Certain idiosyncratic adverse reactions cannot be explained by the mechanisms discussed above. In such cases, the pathogenesis must involve alternative events which, while diverse at molecular level, share as a common feature an unusual interaction of the drug (or a metabolite) with the host organism. By definition, these reactions cannot be explained by the primary pharmacological properties of the offending agents, and one must consider or postulate the presence in the affected organism of specific peculiarities, which result in unexpected effects.

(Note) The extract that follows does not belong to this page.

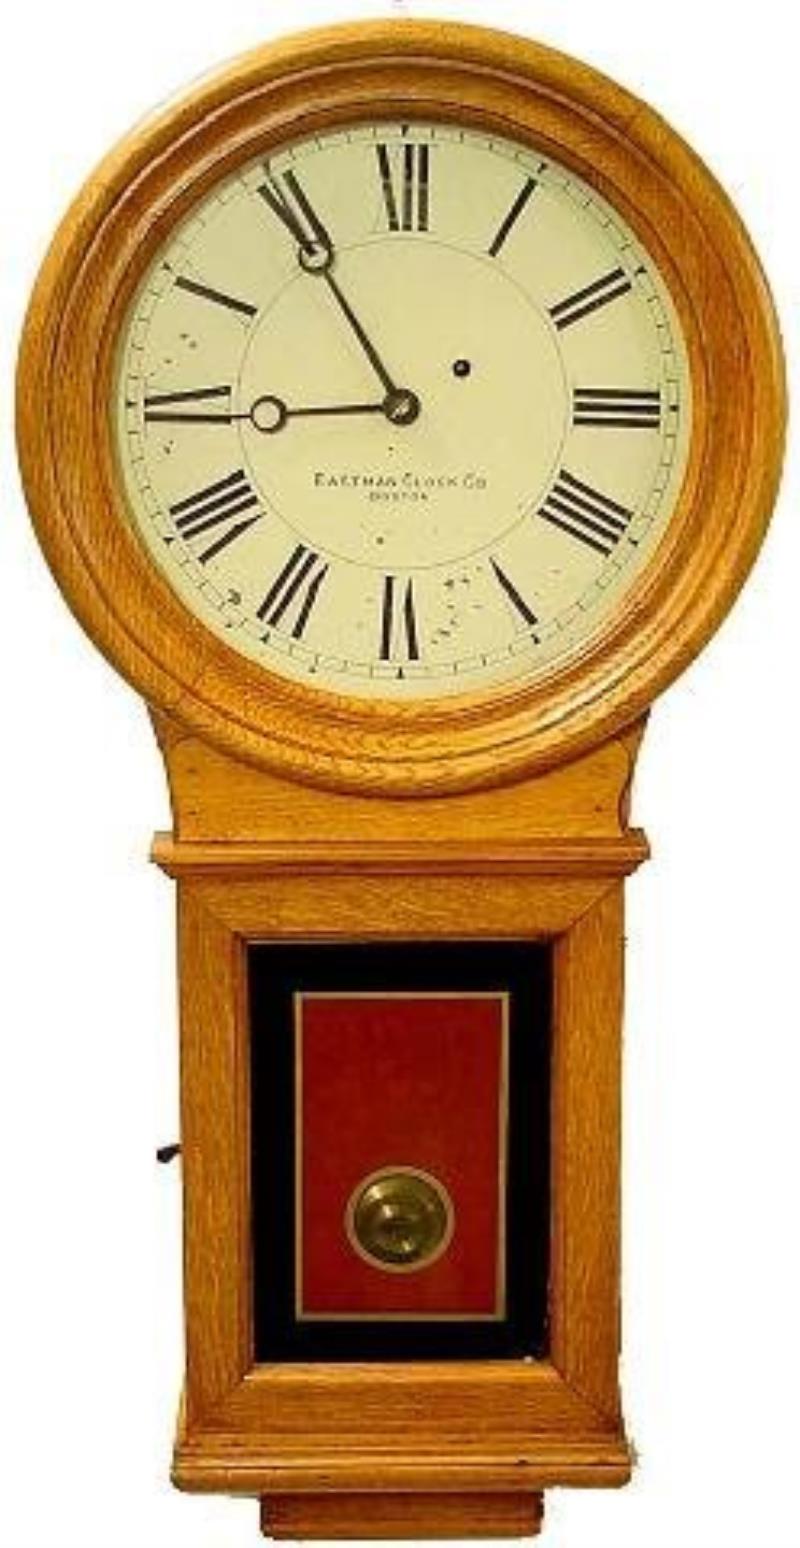 Eastman Clock Co. Boston Wall Clock
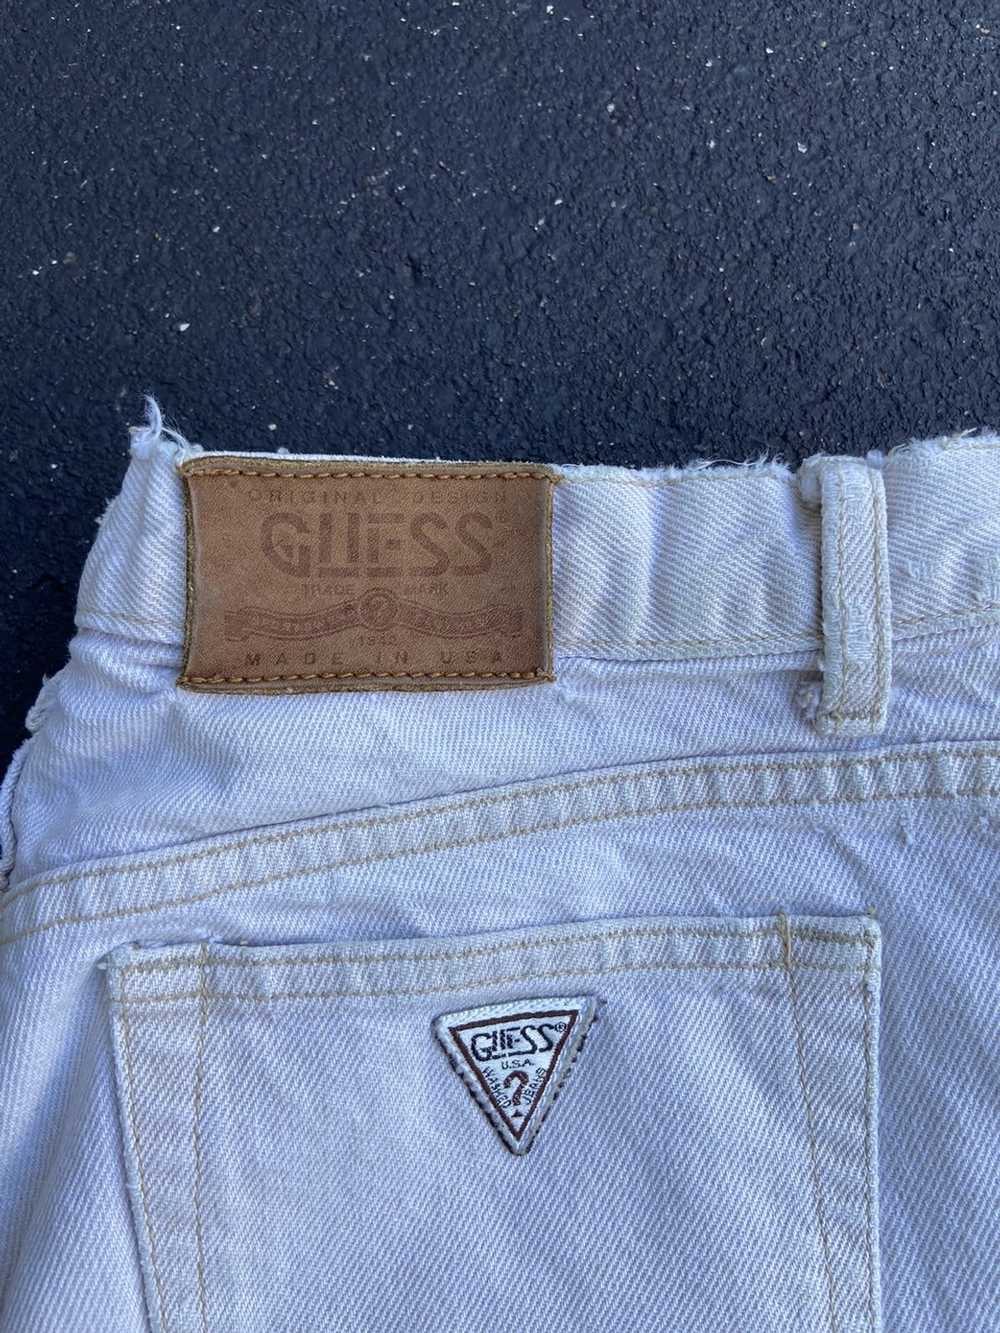 Guess × Vintage Vintage Guess Denim Jeans - image 2

On some occasions, the mechanism underlying these reactions are explained by genetically or disease-mediated alterations in susceptible individuals. Examples include the precipitation of hemolytic attacks by several therapeutic agents in patients with 6-phosphate dehydrogenase deficiency (favism) (Mehta et al., 2000), or the induction of porphyric attacks by a variety of AEDs in patients with AIP (Hahn et al., 1997). In most cases, however, the pathogenic mechanism is unknown, and these reactions stand out for their unpredictability, low frequency and, at times, dramatic presentation. Many unusual CNS adverse effects fall within this category: examples include the precipitation of choreoathetoid reactions by PHT (Zaccara et al., 2004), Parkinsonian symptoms by VPA (Masmoudi et al., 2006), and severe psychiatric reactions by AEDs not commonly associated with such effects (Wong et al., 1997). While the classification of some of these reactions as idiosyncratic may be questioned, their unpredictability, low frequency, occurrence (at times) at low dosages and uncertain pathogenesis, possibly related to interaction with altered neuronal circuitries, are reminiscent of idiosyncratic mechanisms.